Goal of the exercise: Copy the lines below exactly. No picture goes into the copy.

Recorded data:

=== Begin Enclosure ===

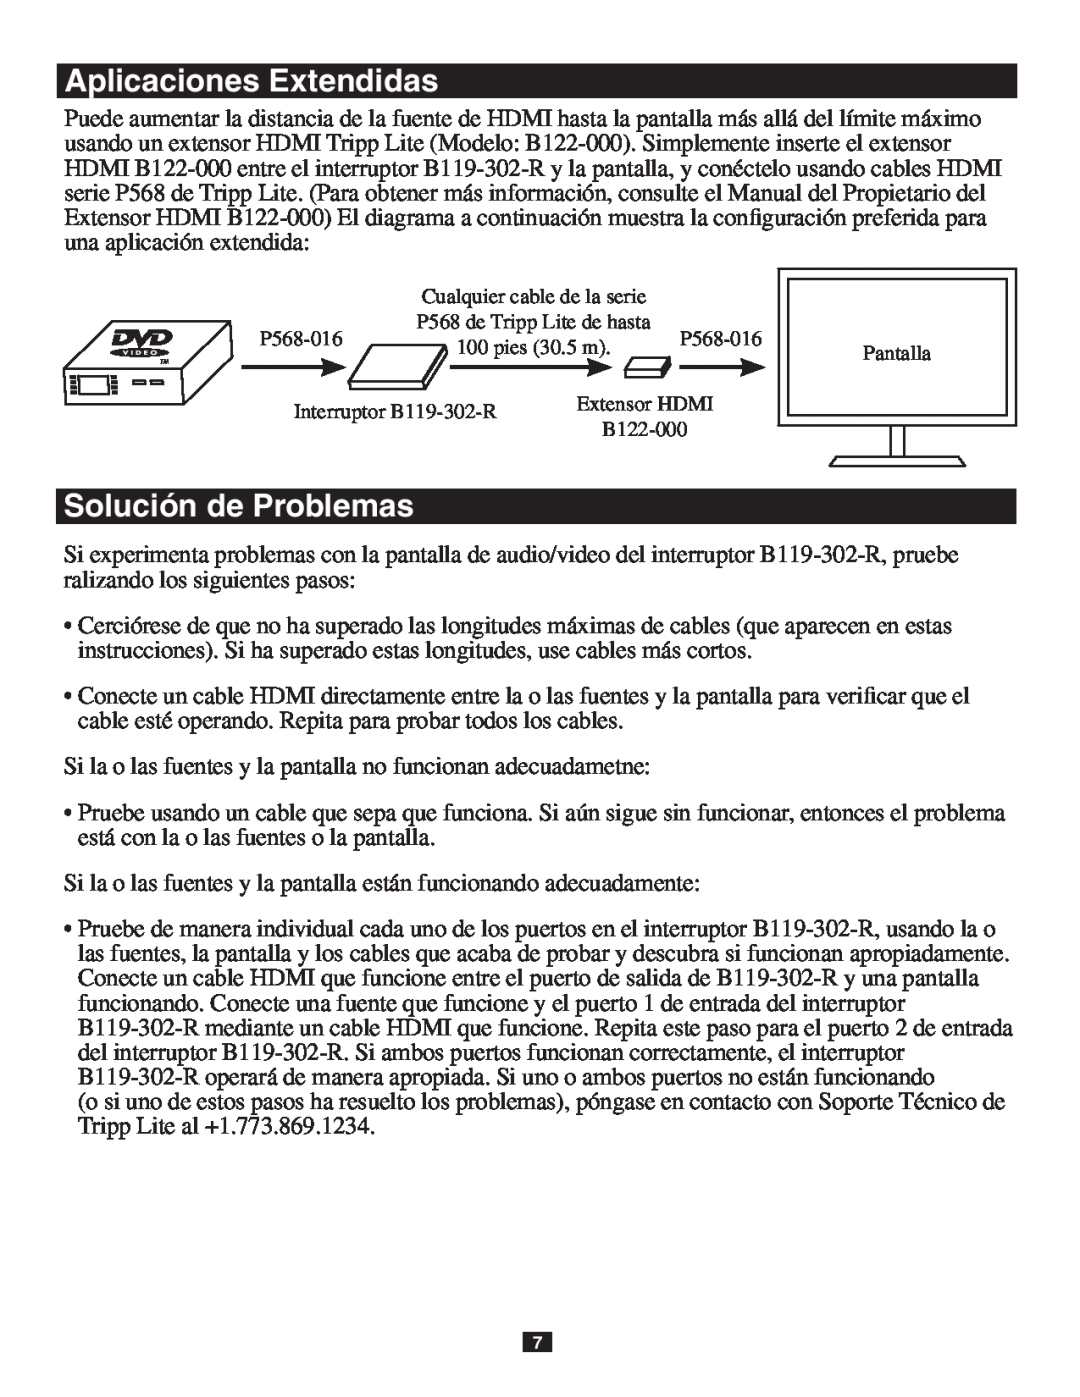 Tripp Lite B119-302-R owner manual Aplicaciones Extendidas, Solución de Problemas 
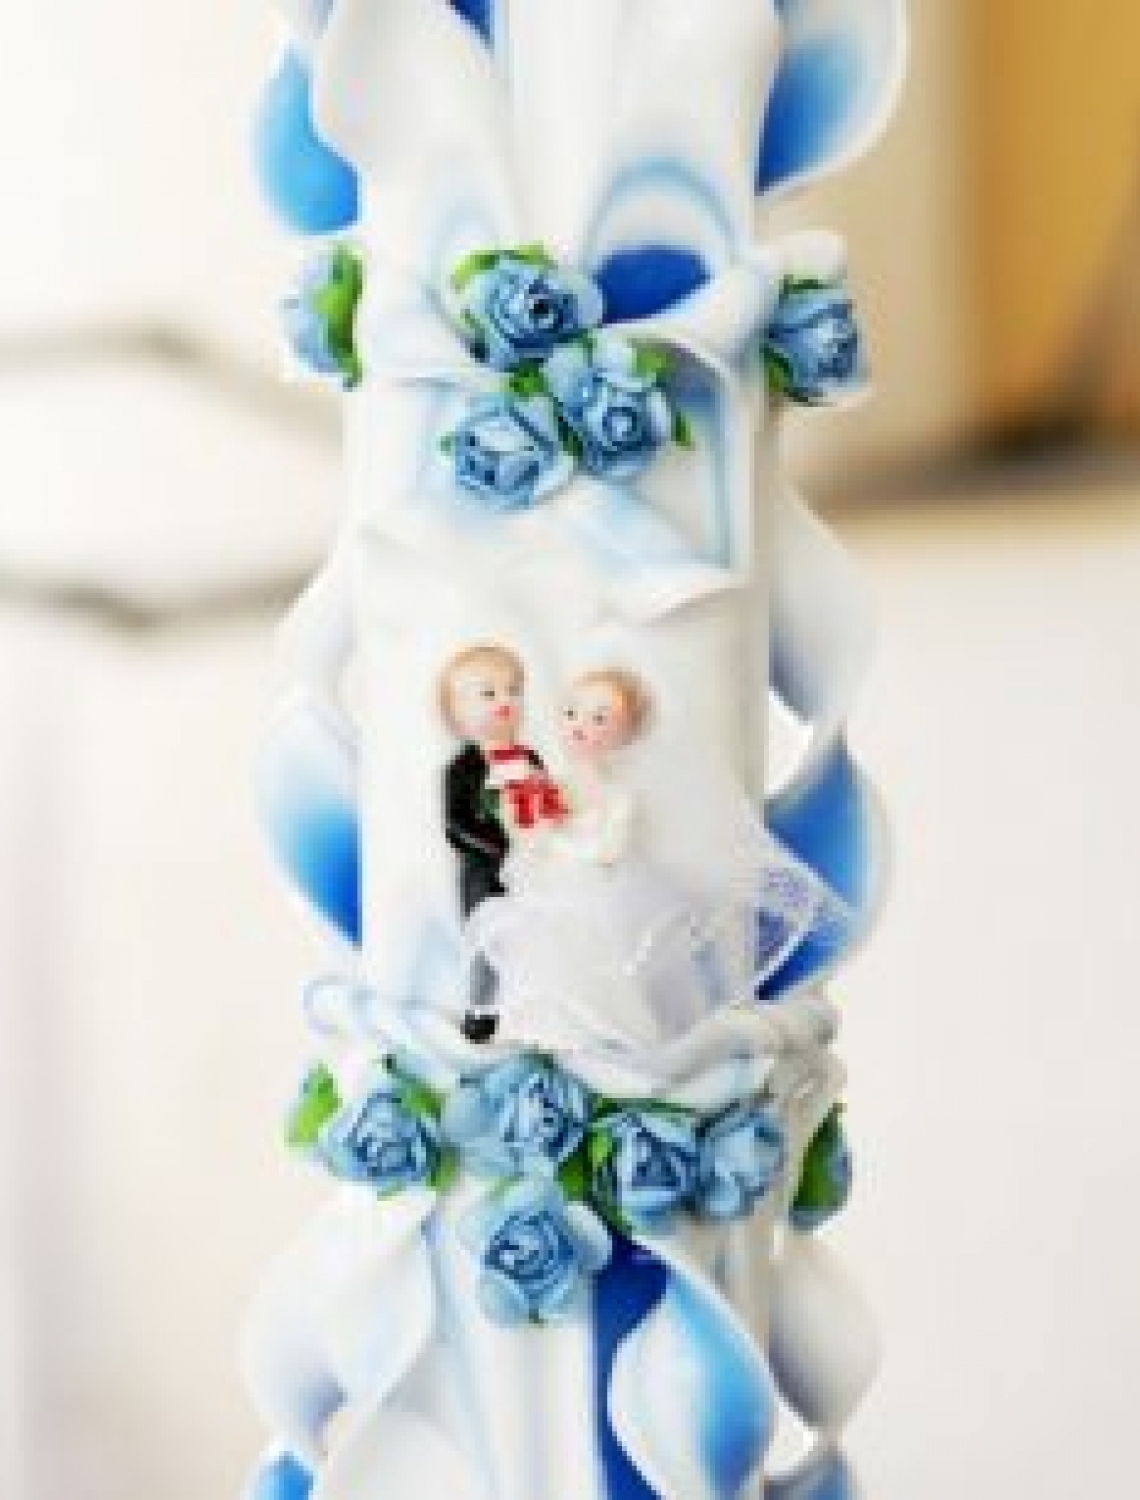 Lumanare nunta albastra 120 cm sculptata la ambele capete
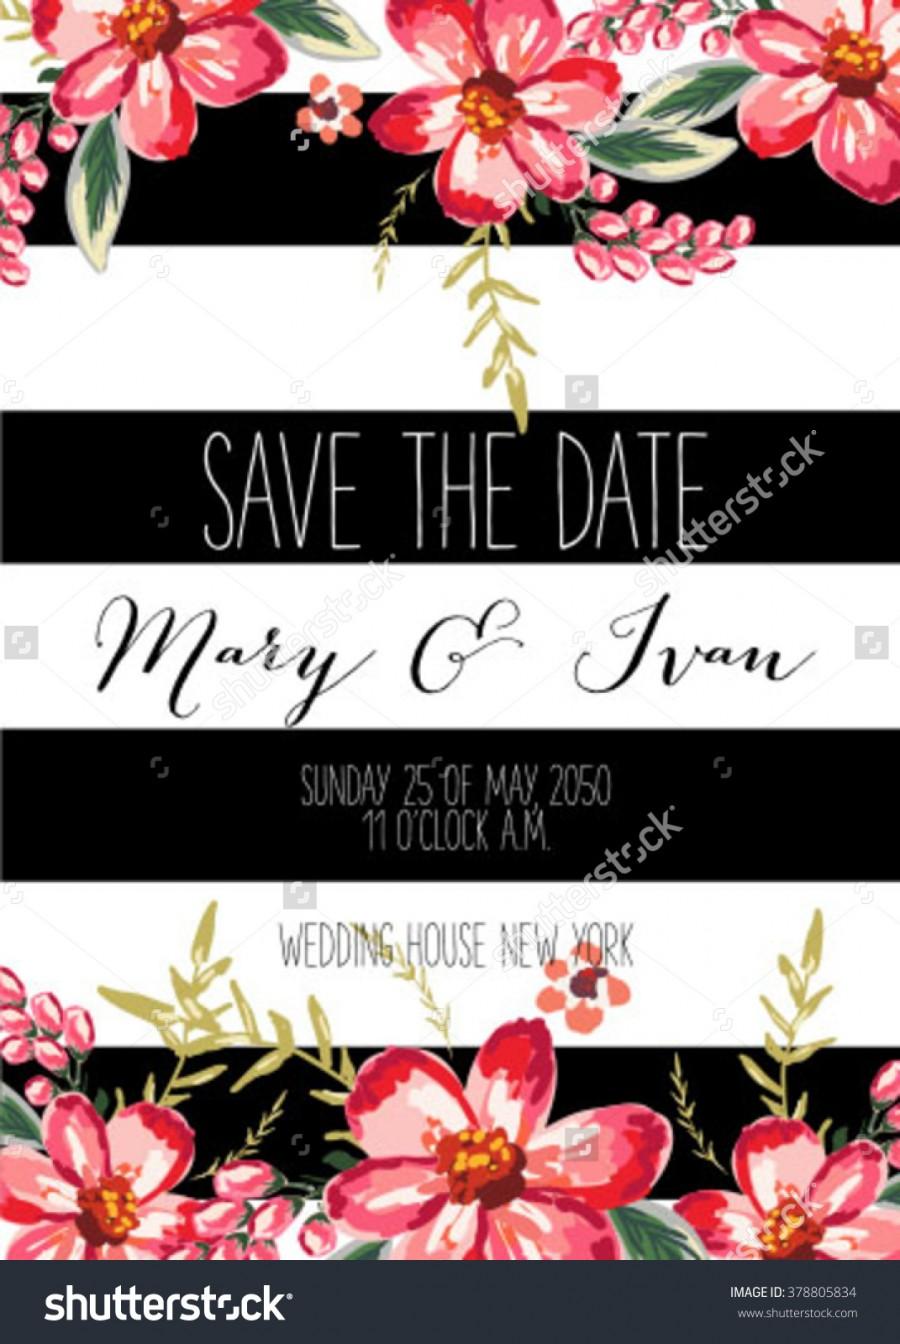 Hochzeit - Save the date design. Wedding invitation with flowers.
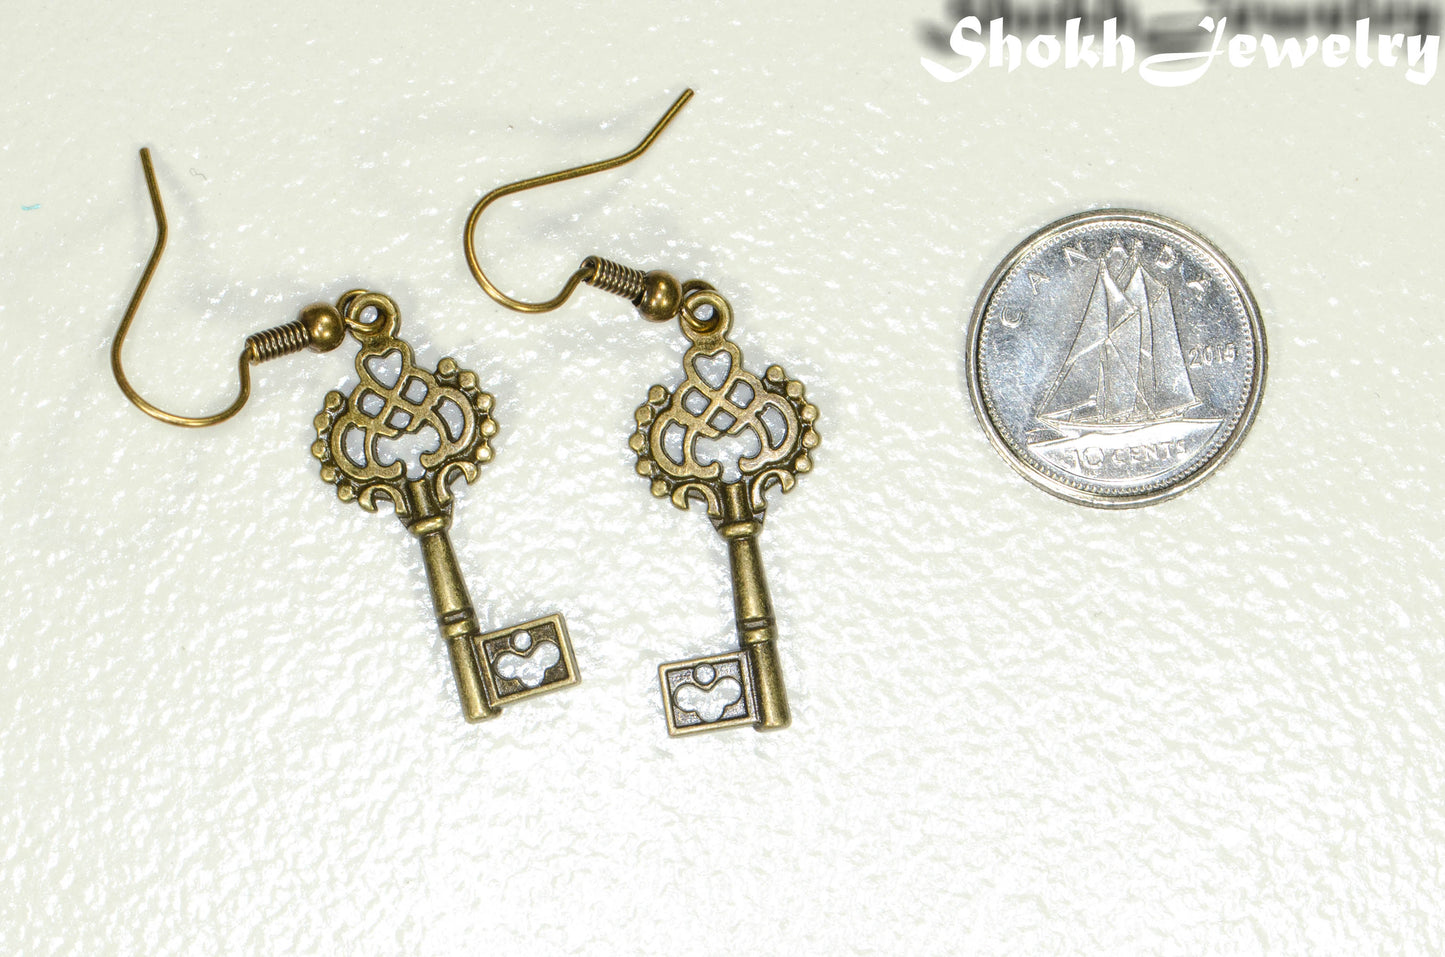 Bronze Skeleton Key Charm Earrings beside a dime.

=== End Enclosure ===

Answer space:
 Tripp Lite B119-302-R owner manual Aplicaciones Extendidas, Solución de Problemas 
 Lumanare nunta albastra 120 cm sculptata la ambele capete
 Hochzeit - Save the date design. Wedding invitation with flowers.
 Bronze Skeleton Key Charm Earrings beside a dime.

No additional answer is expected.